- Interactive map of Oleshky urban hromada
- Country: Ukraine
- Oblast: Kherson Oblast
- Raion: Kherson Raion
- Admin. center: Oleshky

Government
- • Head: Tetiana Hasanenko

Area
- • Total: 799.2 km^{2} (308.6 sq mi)

Population (2020)
- • Total: 38,313
- • Density: 47.94/km^{2} (124.2/sq mi)
- Settlements: 13
- Cities: 1
- Rural settlements: 2
- Villages: 10
- Website: https://oleshki-rada.gov.ua/

= Oleshky urban hromada =

Oleshky urban hromada (Олешківська міська територіальна громада) is a hromada (community) of Ukraine, in Kherson Raion, Kherson Oblast. Its administrative center is the city Oleshky.

== Extent and settlements ==
Its area is 799.2 km2 and its population is 38,313 people, as of 2020.

It includes the city of Oleshky, the villages Kozachi Laheri, Kostohryzove, Krynky, Pidstepne, Pishchanivka, Pody, Radensk, Sahy, Solontsi, Chelburda and the rural settlements Pidlisne and Poima.

== History ==
Oleshky urban hromada was created in 2020 in accordance with an edict by the Ukrainian government determining the territories of hromadas in the Kherson region, by uniting the Oleshky city municipality with various village councils in what was then Oleshky Raion.

=== Russian invasion of Ukraine ===
Starting in late February 2022, the hromada came under Russian occupation during the Russian invasion of Ukraine. According to then-hromada head Yevhen Ryshchuk, all of the hromada officials refused to collaborate with the occupation regime. Ryshchuk, in an interview, stated that the community was now living "under the hands of orcs", comparing the soldiers' violent attacks on civilians to those committed by other Russian troops during the then-recently discovered Bucha massacre. He recalled, as he passed by the Antonivka Road Bridge, seeing gunned-down civilian cars with dead people in them. He also relayed an incident during which, in the village Radensk, the Russians brought humanitarian aid in the form of clothes, but the angry civilians refused to accept them due to the war crimes committed by Russia, and destroyed the clothing with a tractor. Reportedly, after the returning Russians were unable to find the specific person who drove the tractor, they went to the man who owned the tractor, and nailed him by his palms to a fence.

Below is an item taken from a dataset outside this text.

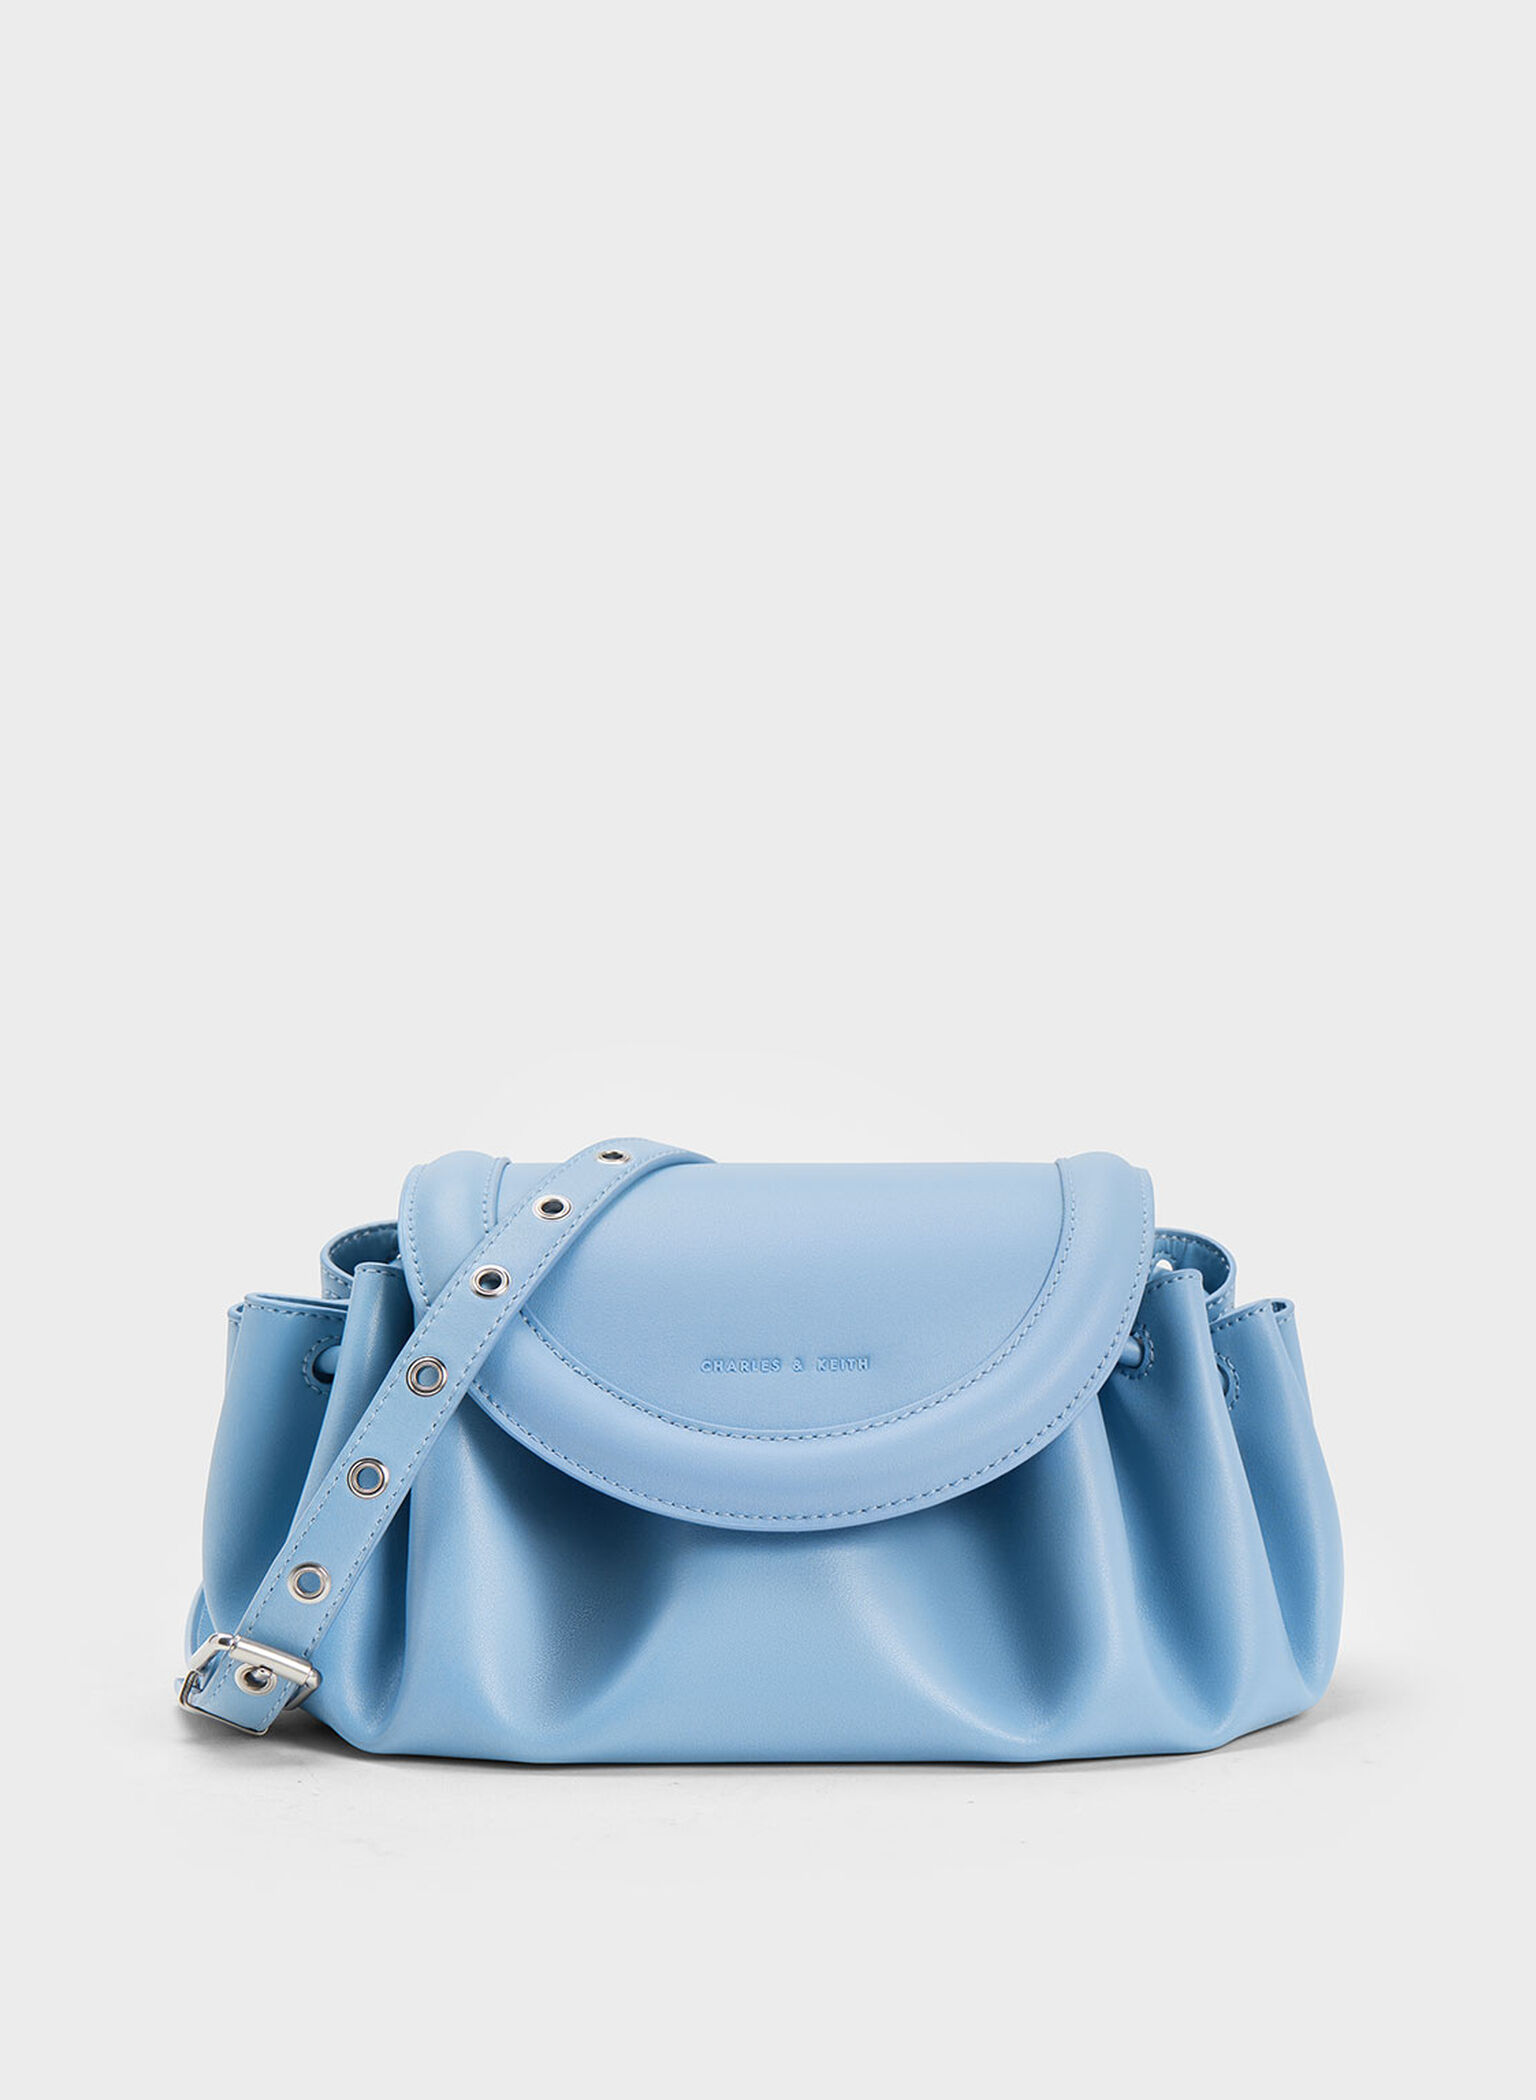 Handbag Shoulder Strap Adjustable - 25 mm x 130 cm

The Russian soldiers reportedly did not enter Oleshky itself in the first days of the war. To keep order, local residents formed a patrol service, carrying wooden sticks around town. At first, some of these patrolmen attempted to use some of the body armor worn by the dead soldiers on the Antonivka Bridge, but this was abandoned after Russian soldiers severely beat one man for wearing it. They refused an offer by the occupying soldiers to assist in the keeping of order. Regardless, the Russian soldiers would punish residents with beatings and kidnappings for both real and imagined crimes. Oleksandr Zarivnyi, former minister of education in the hromada and veteran of the war in Donbas, went missing on 17 March 2022. Ryshchuk, in a video message the following day, said that the occupiers had told him Zarivnyi was alive, but there was no information as to when anyone would see him again.

According to Ryshchuk, by the end of April 2022, 40% of the original population had fled. This flight took place in two "waves" - one after the discovery of atrocities in Bucha and fear of similar events in the hromada, and the second after rumors spread about forced mobilization of Ukrainians in occupied territories. Ryshchuk links the second wave specifically to an announcement by then-Ukrainian government advisor Oleksii Arestovych on television, instructing people to "Run!"

On 2 January 2023, Ukrainian President Volodymyr Zelenskyy signed a decree establishing a military administration for the hromada. Tetiana Hasanenko was appointed as the head of the military administration. Hasanenko had previously served as a deputy mayor of Oleshky. On 1 June 2023, Yury Patlatyi, a collaborationist official in Kostohryzove, was killed in an explosion under unknown circumstances. Russian occupation officials, reporting on his death, blamed the Armed Forces of Ukraine.

As a result of the destruction of the Kakhovka dam by explosives on 6 June 2023, most of the settlements in the hromada were flooded, killing at least nine people. According to Hasanenko, the village of Krynky, near the coast, was almost completely submerged. Most of its residents fled to Kozachi Laheri, which was also largely flooded. Ukrainian authorities lost contact with the population of the community, as electricity and internet were completely lost for days.

On 23 September 2023, the hromada began discussions on renaming the rural settlement Poima to "Zaplava". This was as a result of a decision by the National Commission for State Language Standards on 22 June, determining that the name of the settlement was not in line with state language standards, as it was a transliteration from Russian. "Zaplava" (Заплава) is the native Ukrainian equivalent of Poima. This was one of 43 settlements in Kherson Oblast recommended to be renamed in the decision.